で、実際、今年の3月中旬まで、そういう生活をしていました。

しかし、運命の歯車は少しずつ狂い始めていたのです。

◆今年の1月から、きずな出版の櫻井秀勲先生の文章塾に通い始めました(前年度年末に入金してたので、月3万円には入らず)。

毎日、文章の課題を提出するのですが、
厳しい櫻井先生が、なぜか毎回褒めてくださるのです。
太宰治、三島由紀夫などの超一流の文豪達と交流があった伝説の編集長・櫻井先生に毎日褒められたら、ブタもおだてりゃ…の世界です笑。

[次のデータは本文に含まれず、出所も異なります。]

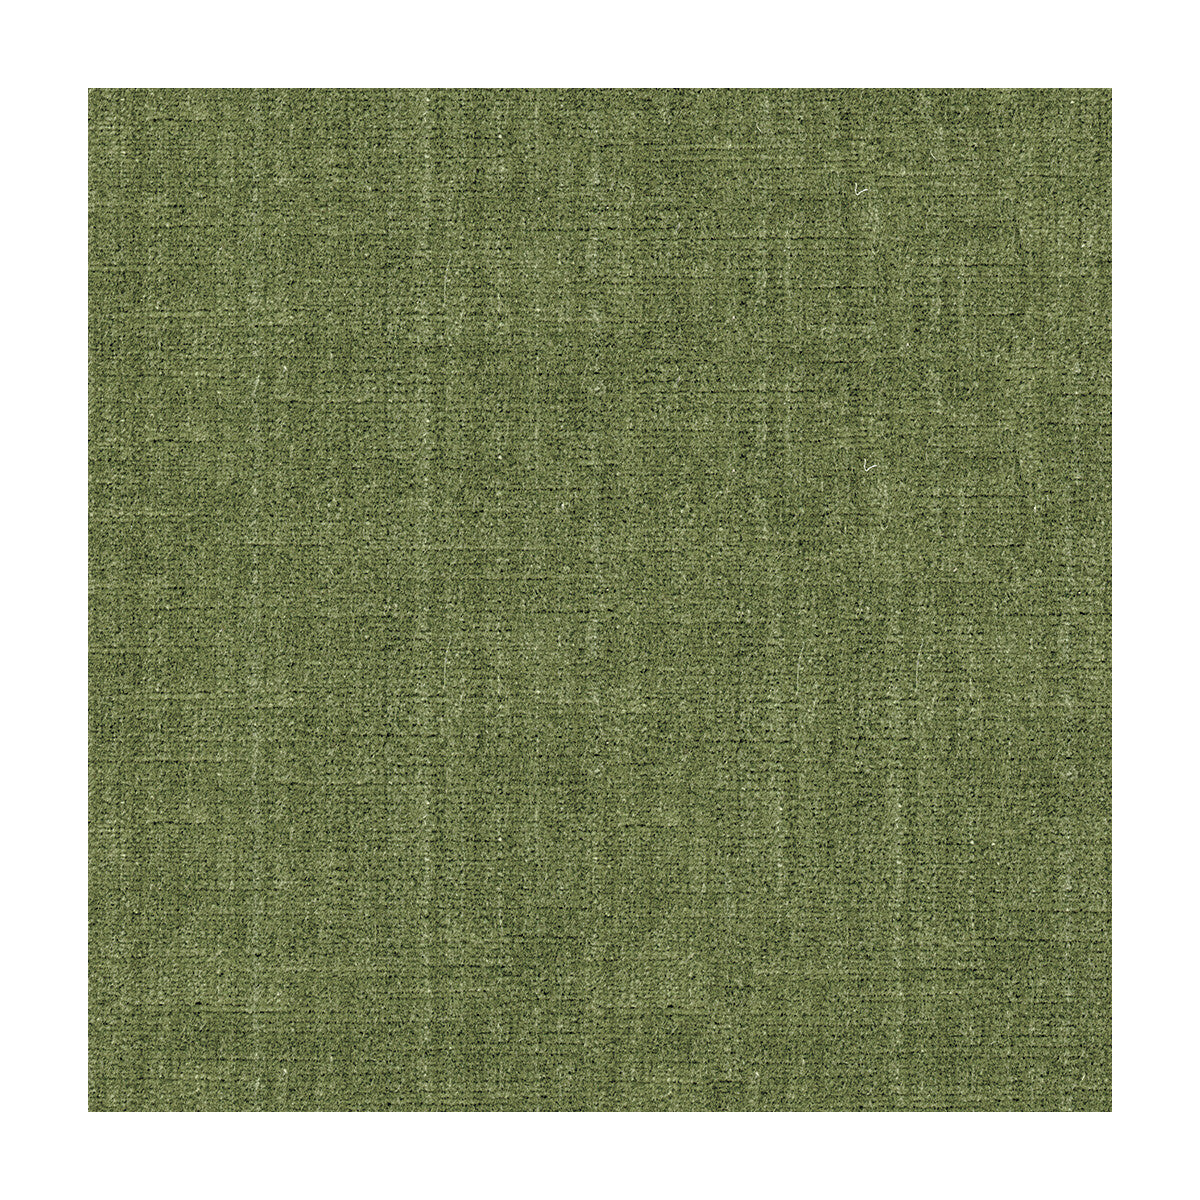 Kravet Design fabric in 29429-130 color - pattern 29429.130.0 - by Kravet Design

「君は小説を書く才能がある。書いてごらん。長生きする楽しみができた」

と、口説かれました。
さすが、口説き大王……。

私がシナリオ教室の宿題である1時間ドラマのシナリオが締め切り3日前に、1行も書けていない時も、こうおだててくれました。

「君は、3日あれば書ける。それくらいがちょうどいい」

口説き大王のおだてに乗って、私は実際に3日で1時間ドラマのシナリオをゼロから完成させて提出しました(ベレー帽にカーラー事件は、この時に起こりました笑)。

で、おだてられて文章を書く面白さにのめり込み始めた3月。

ここで私の運命は思わぬ方向に転がり始めます。
ライターさんからの原稿が上がってきたのです。

櫻井塾とシナリオ教室で、日々、言葉を磨いていた時期だったからこそだと思いますが、「アレ?」と感じました。

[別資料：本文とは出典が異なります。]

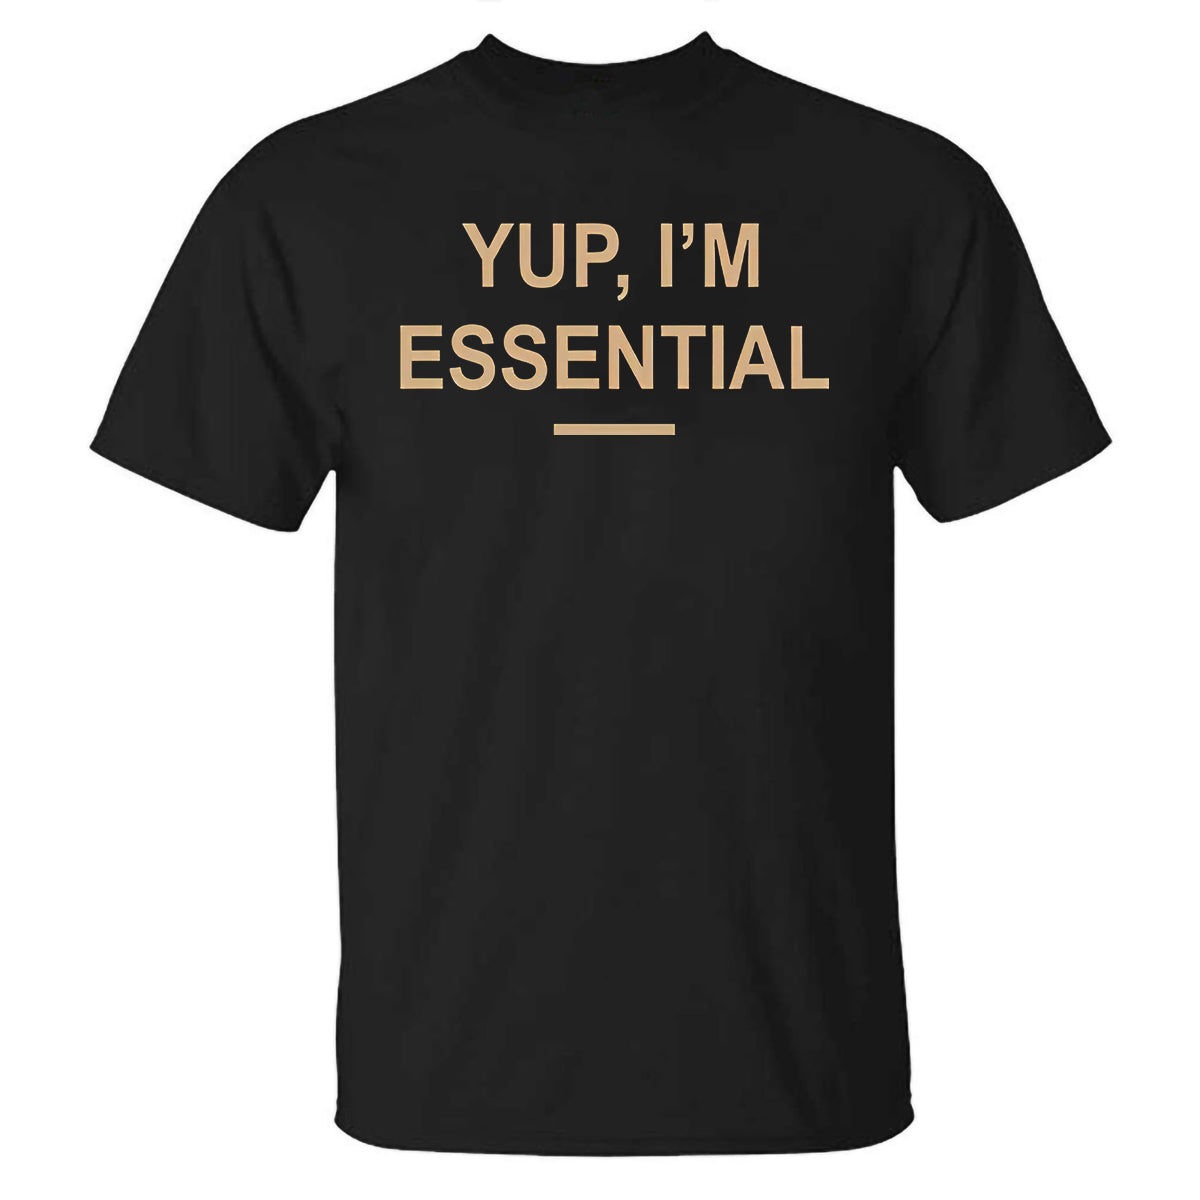 Yup, I'm Essential Printed Casual T-shirt

タイトルの『シンクロちゃん』と中身があってない……。
シナリオの観点から見て、シンクロちゃんのキャラが立っていない。
なのに、タイトルになっている。

これ、絶対に売れない💦💦
重版1度もかからない💦💦
確信した私は、編集者さんにメッセージしました。
「これは売れないので、私が全部書き直します!」

5月出版は絶対にずらせない最終局面の3月に、ちゃぶ台をひっくり返した私。
編集者さんは絶句して、しばらく返事が来ませんでした。

ちゃぶ台をひっくり返したものの、ノーアイディアの私(←オイッ)。

途方に暮れたとき、たまたま、ベストセラー作家のひすいこたろうさん、師範代のマコトさんと旅行の予定が入っていました。

この旅行で、奇跡のアイディアが閃きます。

こう書くと、ひすいさんからアドバイスをもらった、と思うでしょう。
逆です。笑。
マコトさんからヒントをもらいました。
マコトさんに話を振ったのは、ひすいさんです。

ところが、マコトさんからアドバイスは一つももらえず、むしろ愚痴を聞いているうちに(爆)、ひすいさんとマコトさんの関係を客観視できたのです。

その瞬間、稲妻が落ちました!
「そーかーーーーっ!
私とあの女性の関係も同じだーーっ!」

あの女性をモデルにすれば、シンクロちゃんは書ける!

「おわりに」の文章が勝手に降りてきました。
ここに辻褄を合わせれば書ける!

私はひすいさんにお礼を言いました。
「ありがとうございます。ラストが閃きました。おかげで書けます」

◆こうして1週間で書きあげたのが『シンクロちゃん』です。

漫画を描いてくださった、しまださんは徹夜の連続だったそうです。

あとは、養成講座の方や受講生さん、旦那さんを巻き込んで、「シンクロちゃんの決め台詞は何がよいか」「表紙はどれがよいか」など切羽詰まった中で仕上げました。

販促で飴を作ろう!と旦那さんが言い、
出費もかさみ…。

私の月3万円以内の実験は、アッサリ崩れました笑。

色々申し込んだり経費で、5月の支出は1000万近く。
えっw

からの、全国行脚、書店めぐりの日々で、引きこもりとは真逆の生活になってしまいました。

爆。

人生、色々描いても全く意味がない。
流れに任せるのが一番。

私はそう悟りました。

そして年末の今日。
2020年こそ、シナリオをもっと深め、
引きこもってクリエイティブな作業に没頭したい、と妄想しています。

さて、どうなるのでしょうか(笑)。

◆シンクロちゃんを愛読してくださった皆様、講演会に呼んでくださった皆様、広めてくださった皆様、養成講座の皆様、シンクロちゃん、山口グミの皆様
ありがとうございます!
皆様のおかげです。

来年は、もっと計画的に本を書く予定ですので(笑)、
宜しくお願いします。

そうです。
1年前の私と180度違う点は
「本の持つ可能性、奥深さを知ってしまったこと」
です。

これは、櫻井先生、タカトモさんの塾のおかげです。

そして、シンクロちゃんを通じて繋がってくださった方々のおかげです。

本の可能性、物語の可能性に想いを馳せる2019年の大晦日です。